The STT system tasked with transcribing this call was built by one of the largest cloud providers in the world. It has a published accuracy rate that looks impressive on the vendor's benchmark page. By the time it finishes with this call, it has produced a transcript with a word error rate above 20%. Critical words are missing. Amounts are wrong. The consent confirmation the agent gave is transcribed as something that sounds legally ambiguous. The call cannot be used for compliance review.

This is not an edge case. It is the default audio profile of a contact center call in North India. And it exposes a problem in speech recognition that most vendors acknowledge in footnotes but never actually explain: the code-switching problem.

What Code-Switching Actually Is

Code-switching is the practice of alternating between two or more languages within a single conversation. The term comes from linguistics, where it has been studied for decades as a natural feature of bilingual and multilingual speech, not a deficiency or a mistake.

In India, code-switching is not an occasional aberration. It is how educated, urban, and semi-urban Indians communicate in professional and semi-formal contexts. The blending of Hindi and English, Tamil and English, Kannada and English, and dozens of other regional language pairings reflects a specific kind of fluency, the fluency of someone who has internalised two linguistic systems well enough to draw on both simultaneously.

For speech recognition, this creates a problem that is fundamentally different from the challenge of supporting multiple languages. Supporting Hindi and English as separate languages is a solved problem. Every major STT vendor offers both. The hard problem is handling a speaker who uses both languages at once, in the same sentence, without any signal that a language switch has occurred.

There are two types of code-switching, and the distinction matters enormously for how STT systems fail.

Inter-sentential code-switching happens between sentences.
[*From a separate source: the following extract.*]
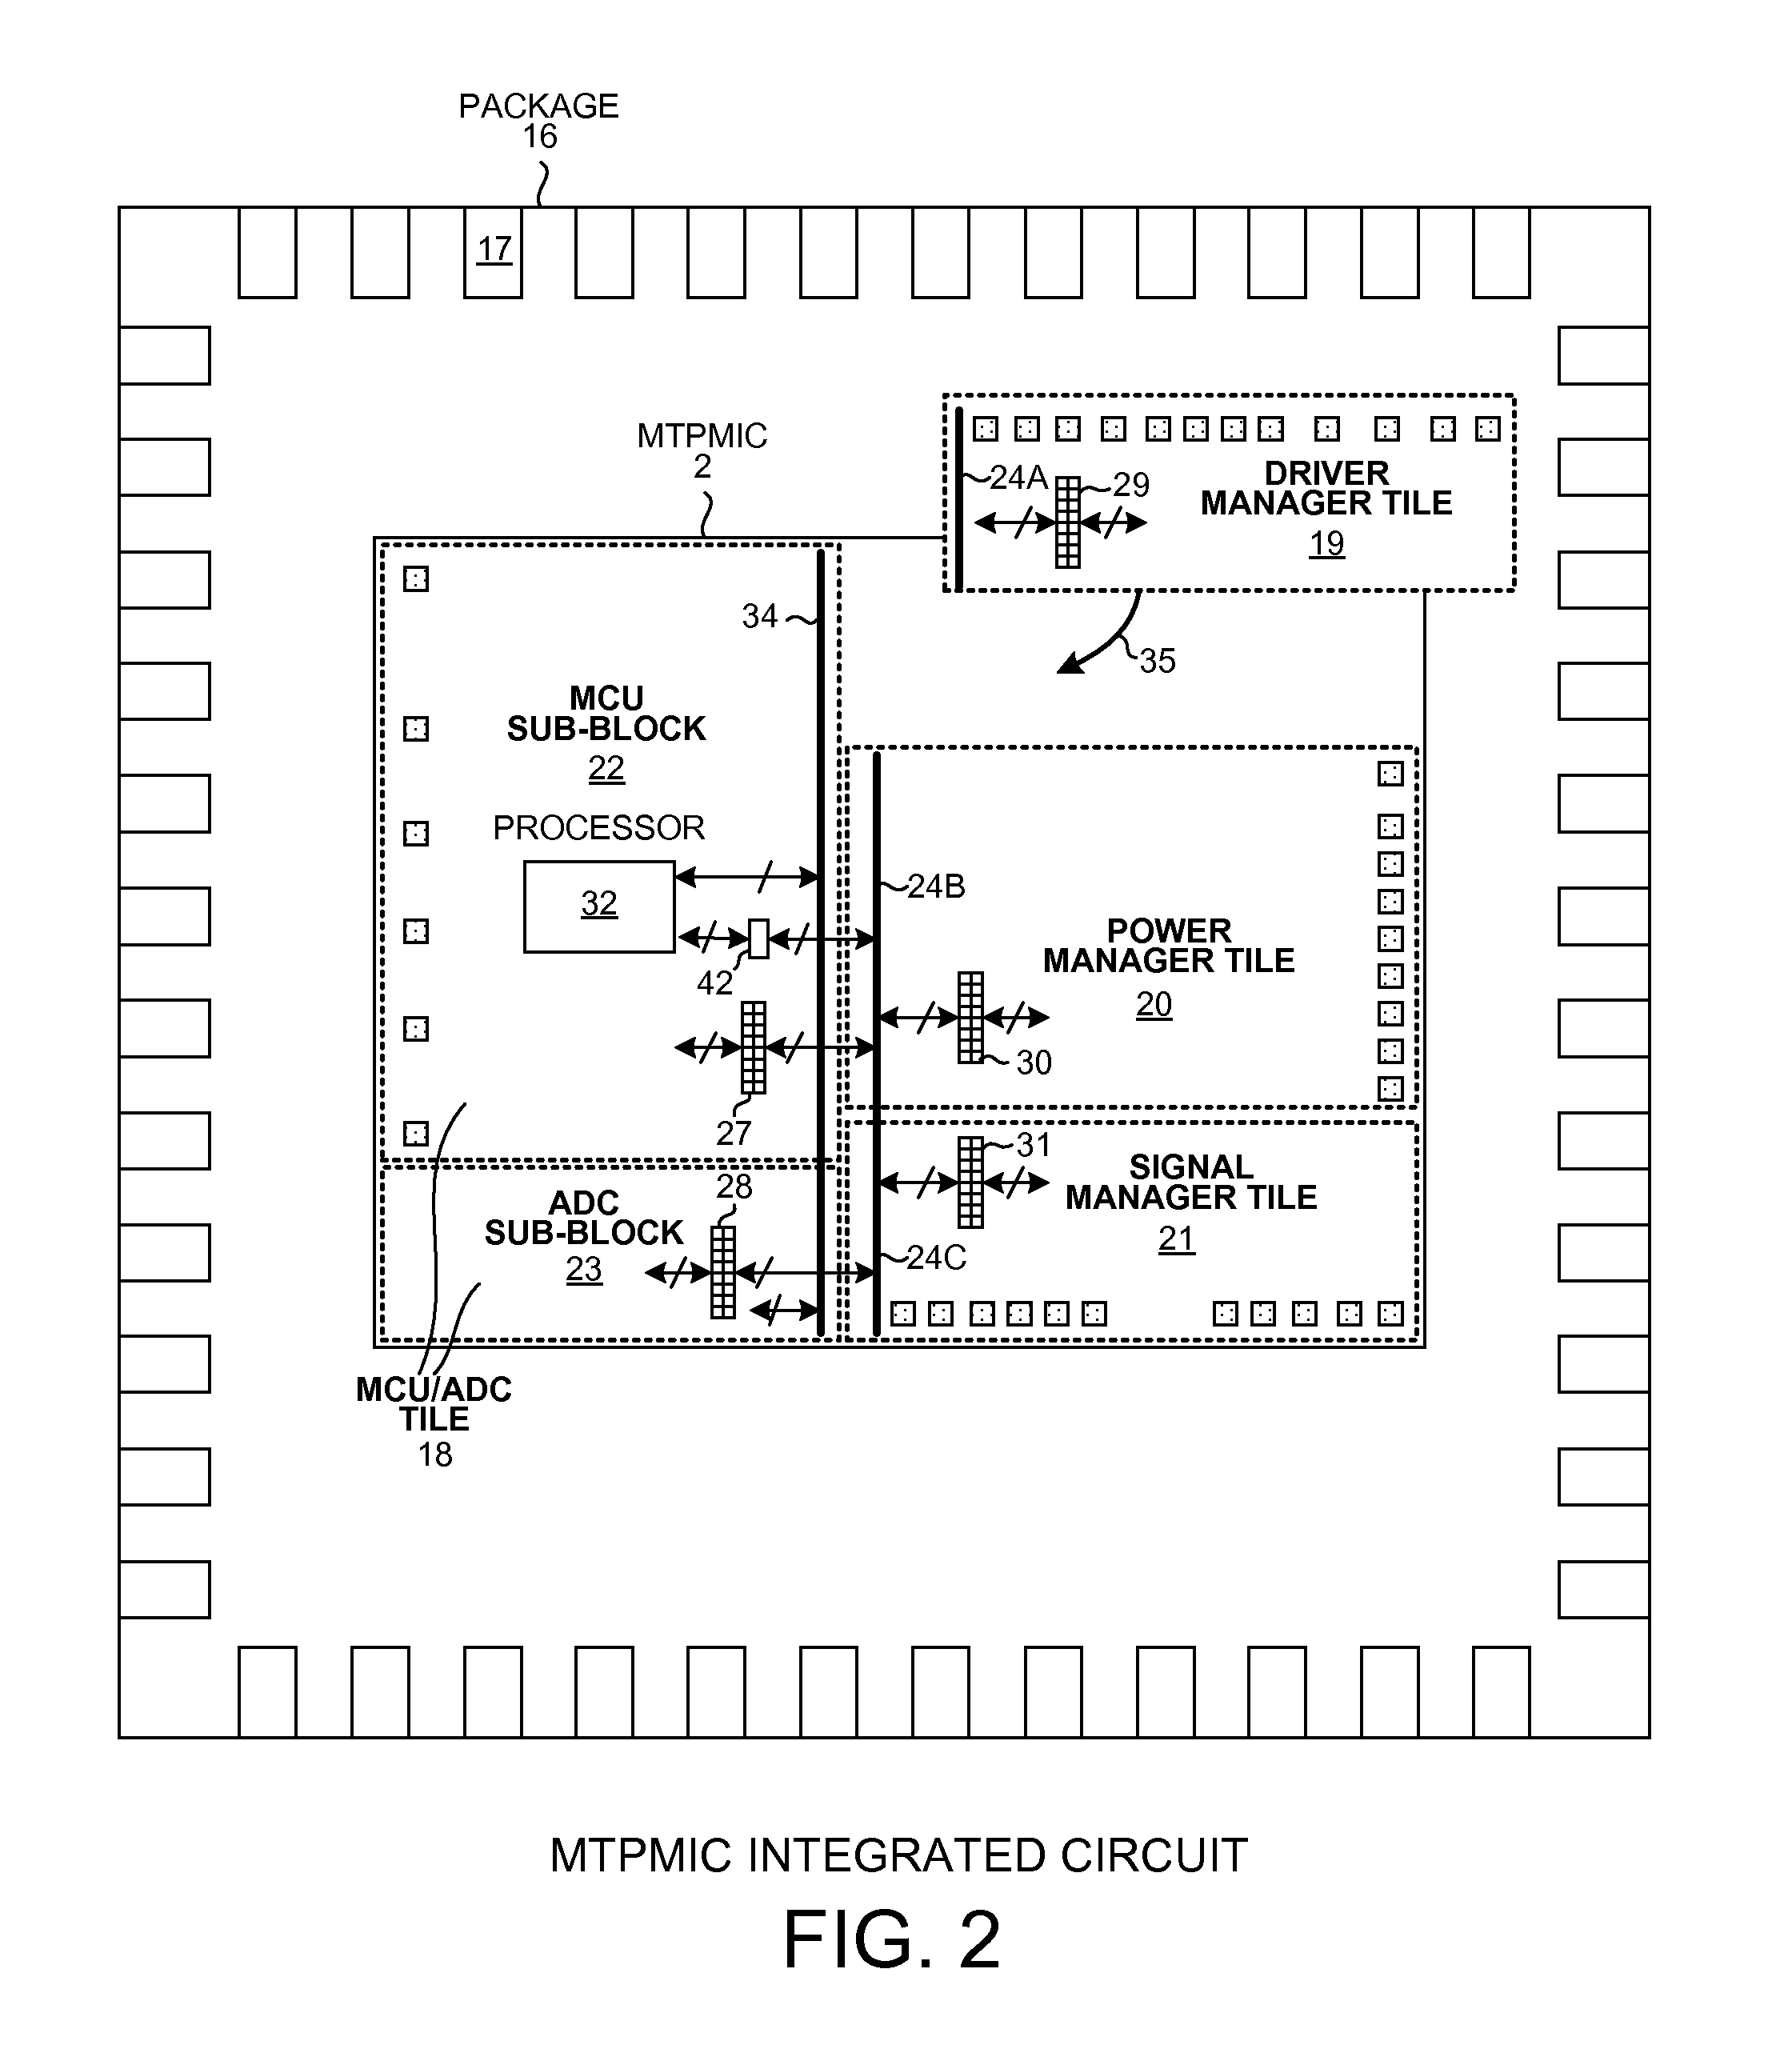 Multi-Mode Power Manager For Power Management Integrated Circuit

A speaker finishes a complete thought in Hindi, then starts the next sentence in English. "Aapka account verify ho gaya. Your application has been processed." This is relatively manageable for STT systems because the language boundary coincides with a natural acoustic break. The model can reset its language assumption at the sentence boundary.

Intra-sentential code-switching happens within a sentence. The speaker inserts words, phrases, or entire clauses from one language into the grammatical structure of another. "Aapka loan amount disburse ho gaya hai, so please check karo apna account." The syntax is Hindi. The vocabulary is mixed. There is no sentence boundary where the model can switch modes. This is where virtually every standard STT system breaks.

For a plain-English definition of code-switching and related linguistic terms, see our STT Glossary: Every Term You'll Encounter When Evaluating a Speech-to-Text API.

Why Intra-Sentential Code-Switching Breaks Standard ASR Models

To understand why code-switching is technically hard, you need to understand how a standard speech recognition model processes audio.

At the core of every STT system is an acoustic model, which maps raw audio signals to phonemes or sub-word units, and a language model, which uses statistical patterns to figure out which word sequence is most likely given those phonemes. Both components are trained on a specific language or set of languages, and their training data determines what they handle well.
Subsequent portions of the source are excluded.